**Recorded data**:
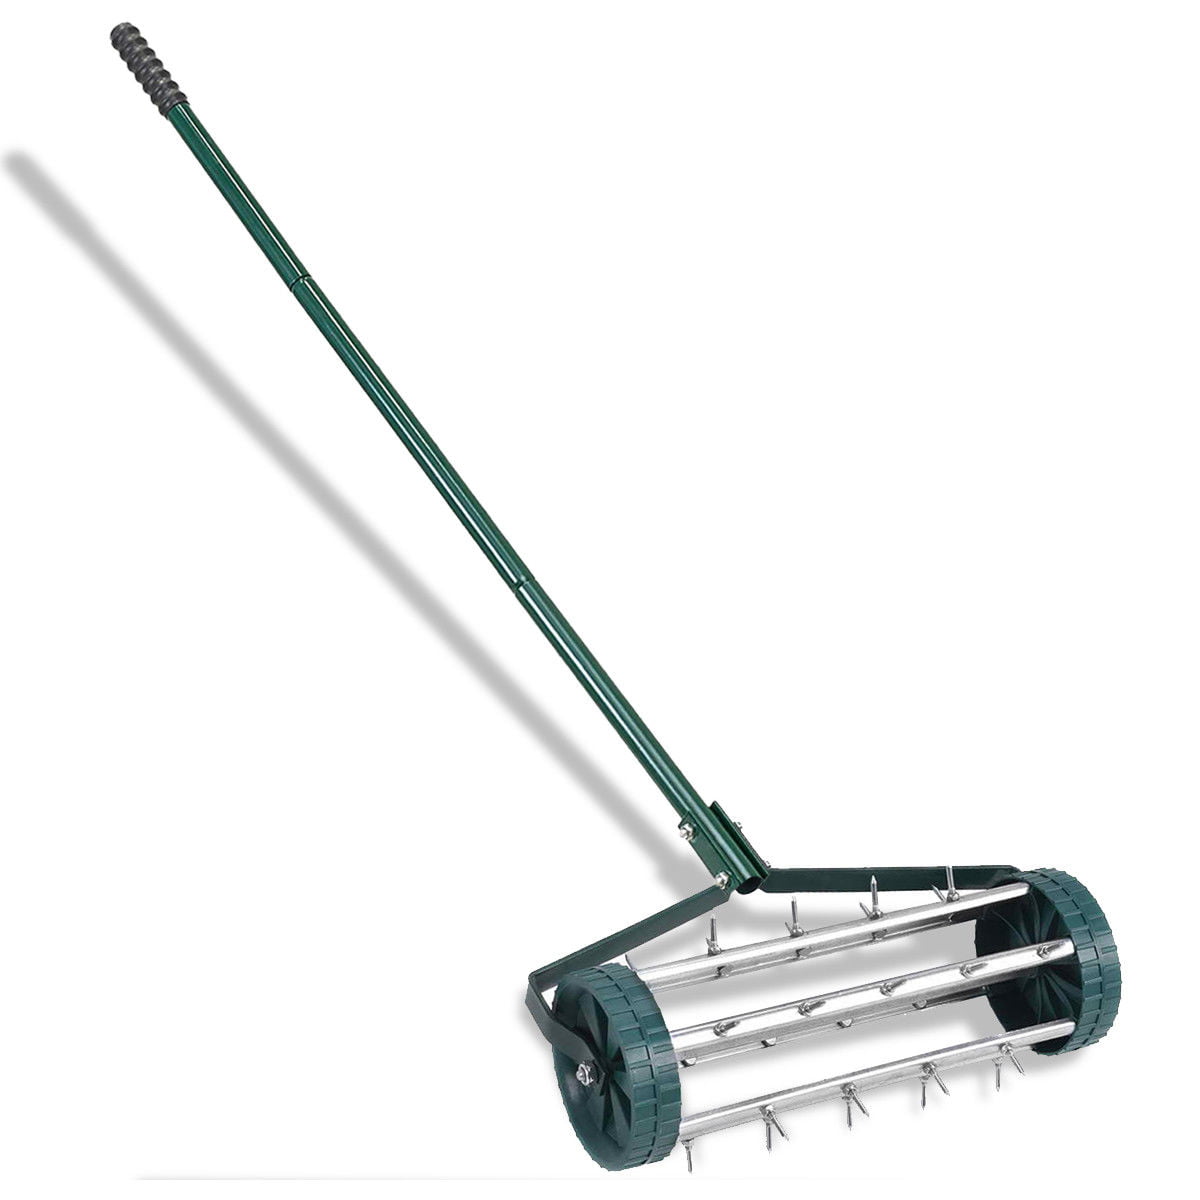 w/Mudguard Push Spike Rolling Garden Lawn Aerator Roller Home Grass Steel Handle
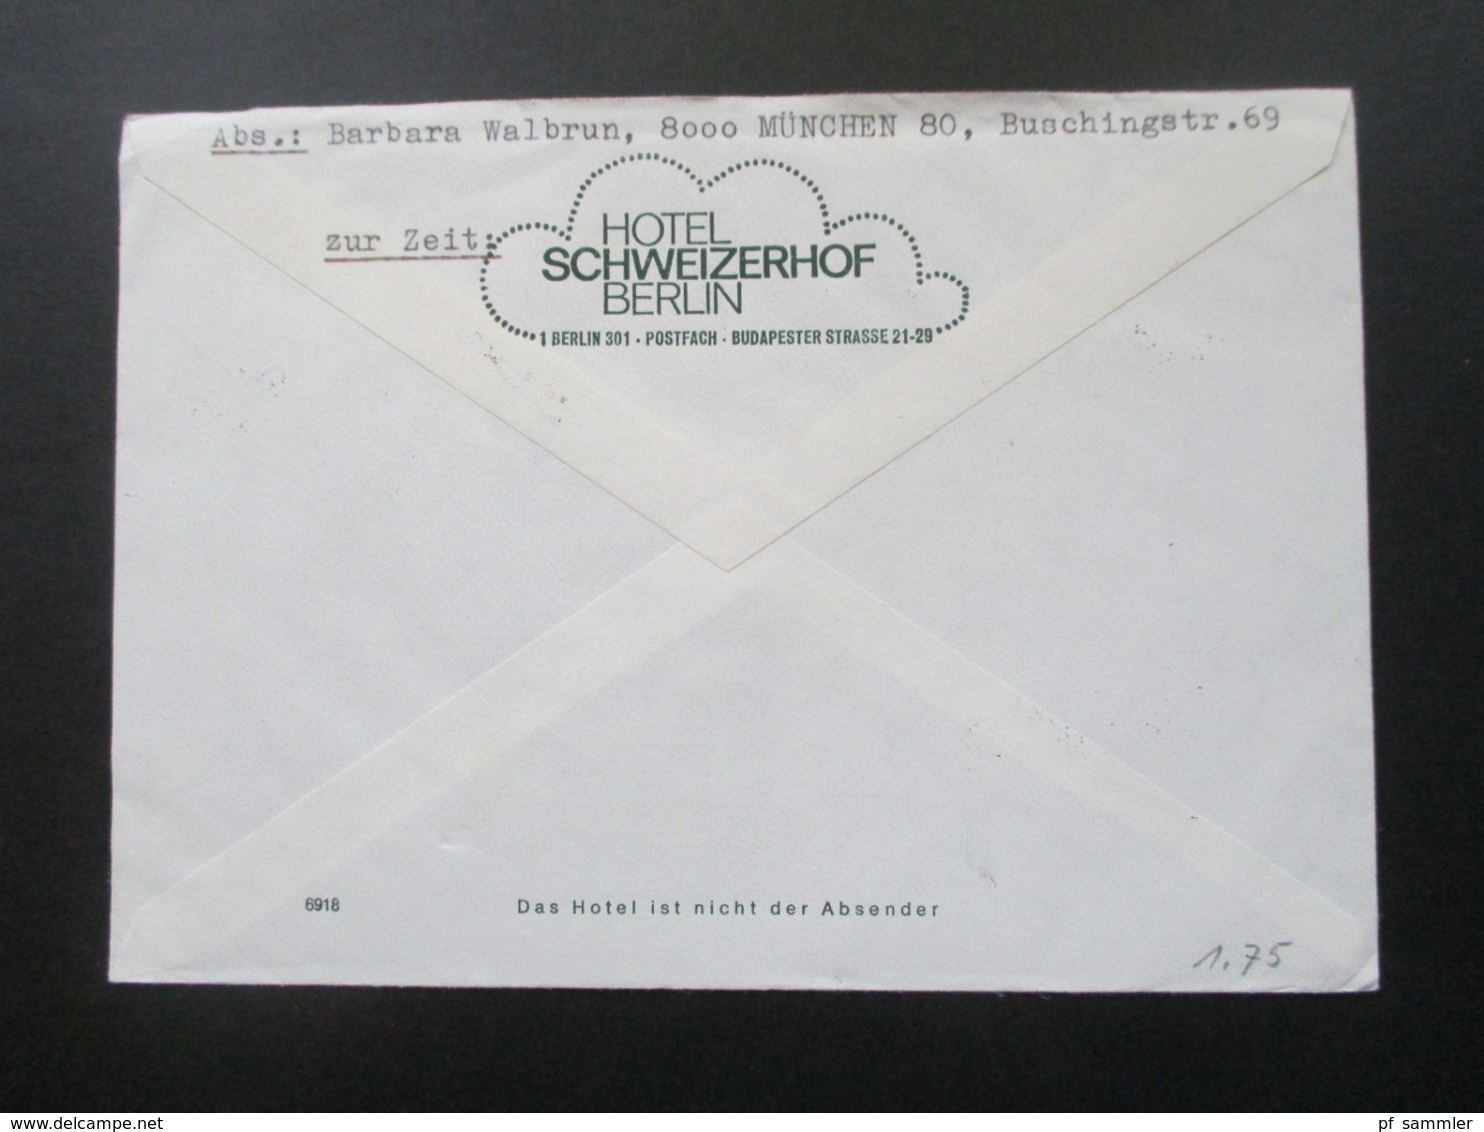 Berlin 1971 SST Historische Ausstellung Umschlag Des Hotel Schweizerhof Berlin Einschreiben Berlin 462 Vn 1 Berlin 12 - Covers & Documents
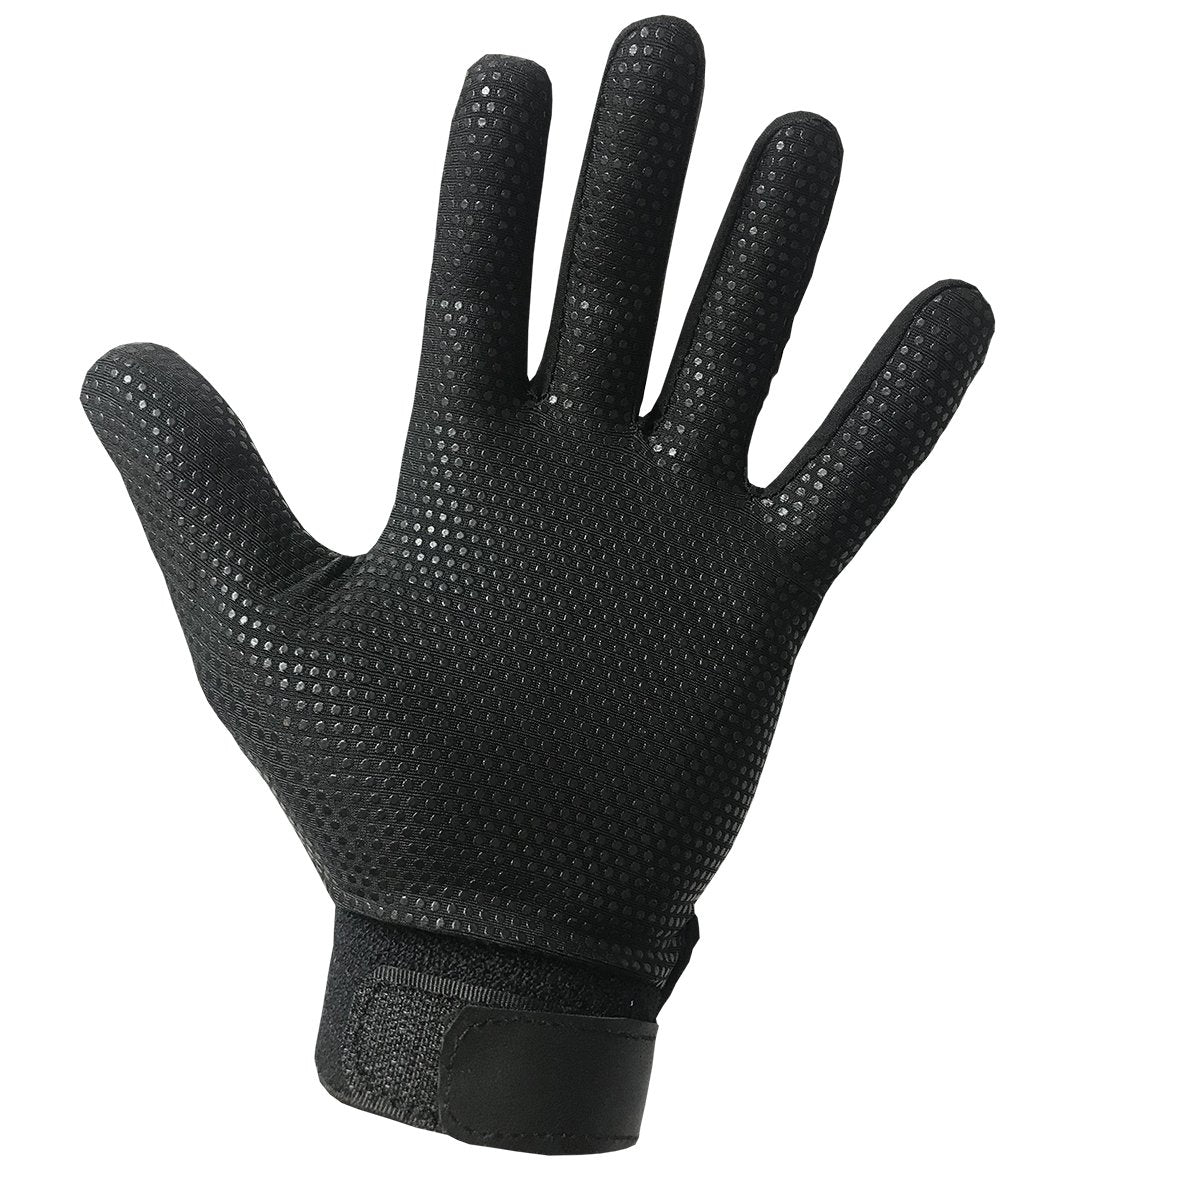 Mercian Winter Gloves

--

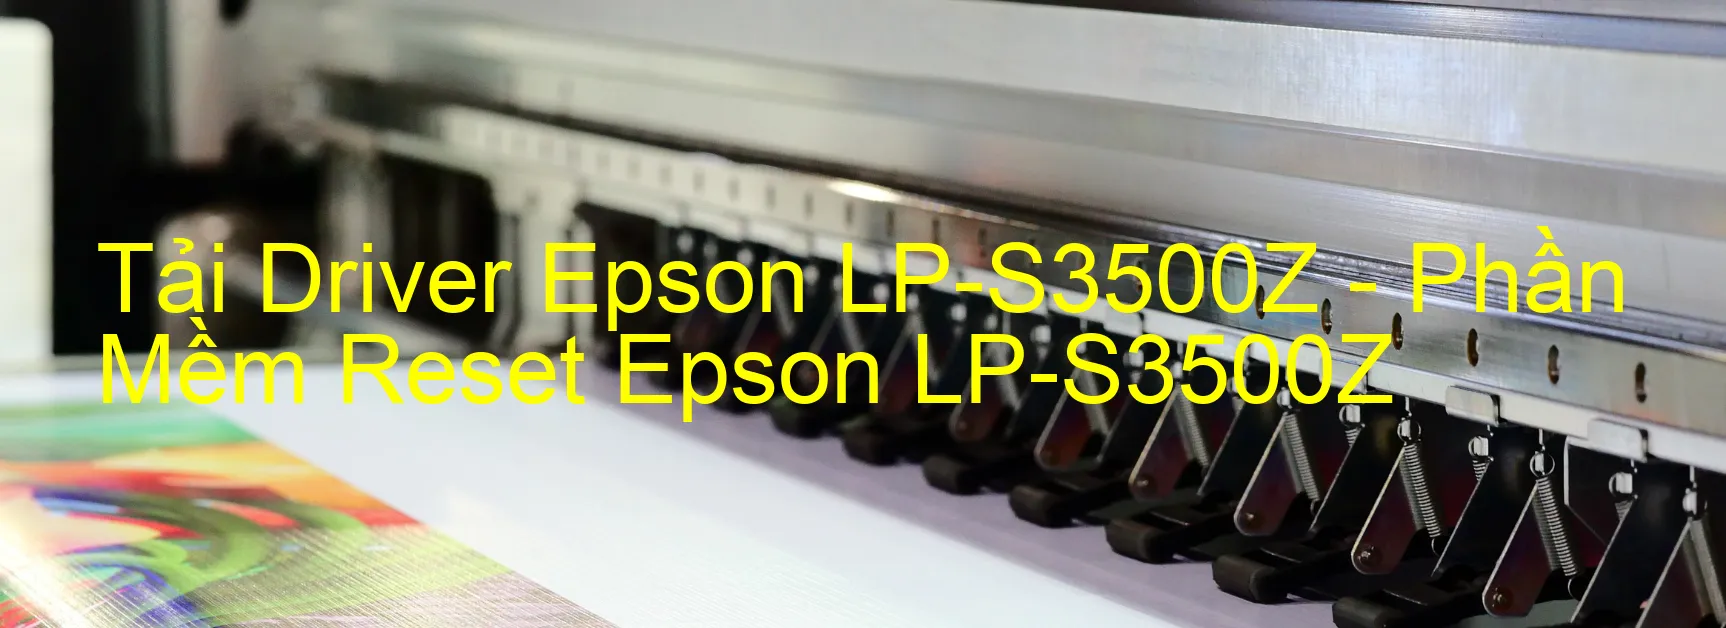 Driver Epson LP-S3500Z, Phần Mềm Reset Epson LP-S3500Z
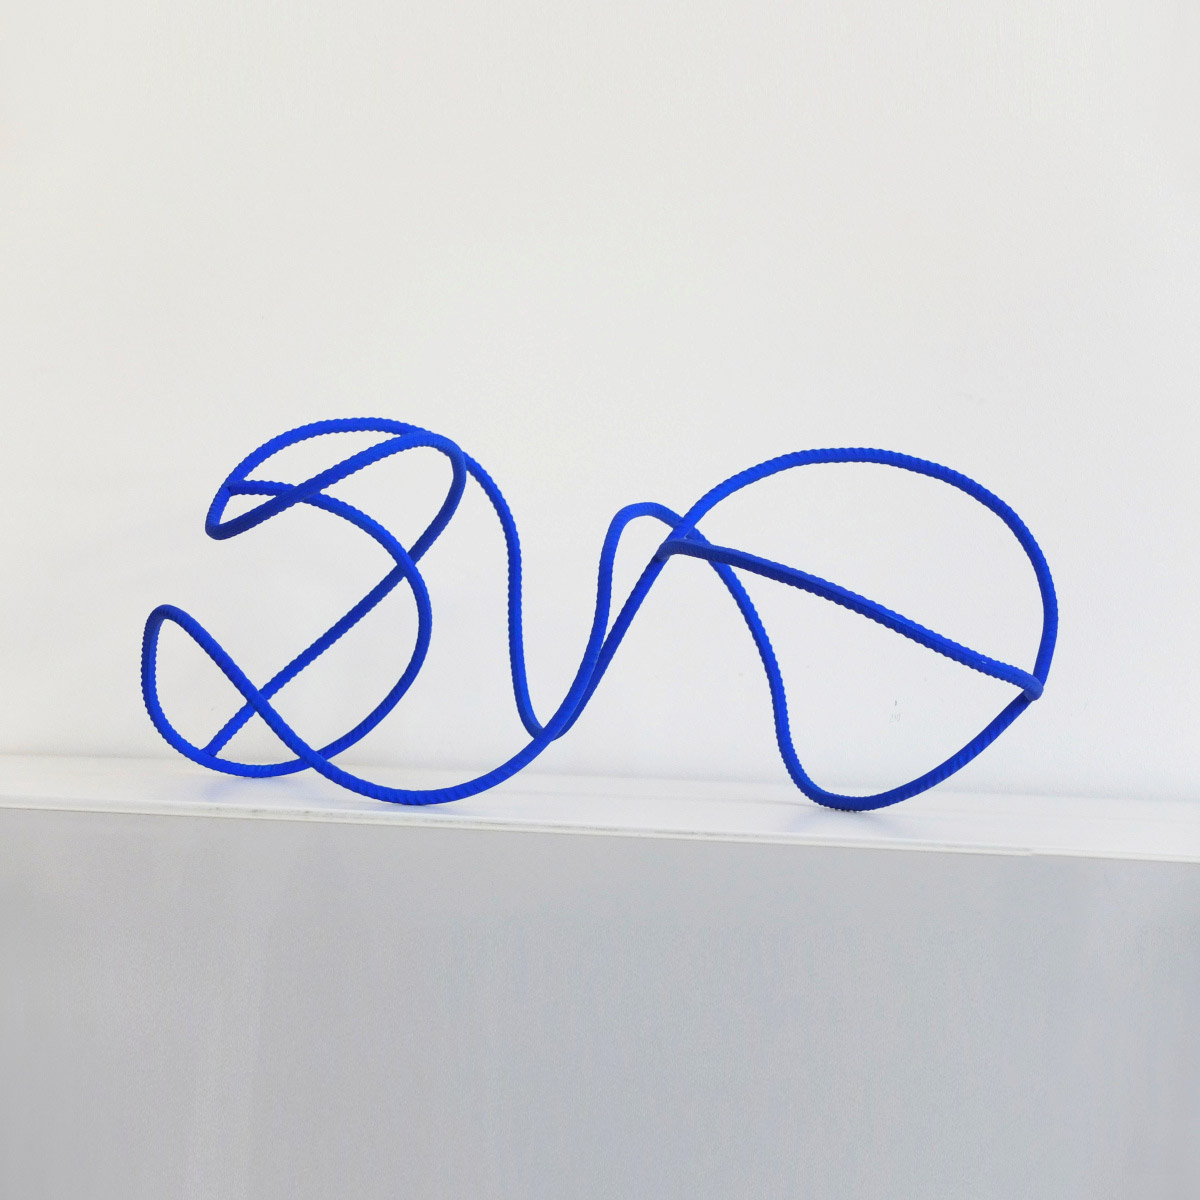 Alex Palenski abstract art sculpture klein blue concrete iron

**Task directions**:
Excluding any pictures, print exactly the lines of the listing above from the line with "Driver Epson LP-S3500Z, Phần" to the line with "Alex Palenski abstract", both ends included.

**Written response**:
 Driver Epson LP-S3500Z, Phần Mềm Reset Epson LP-S3500Z
 Alex Palenski abstract art sculpture klein blue concrete iron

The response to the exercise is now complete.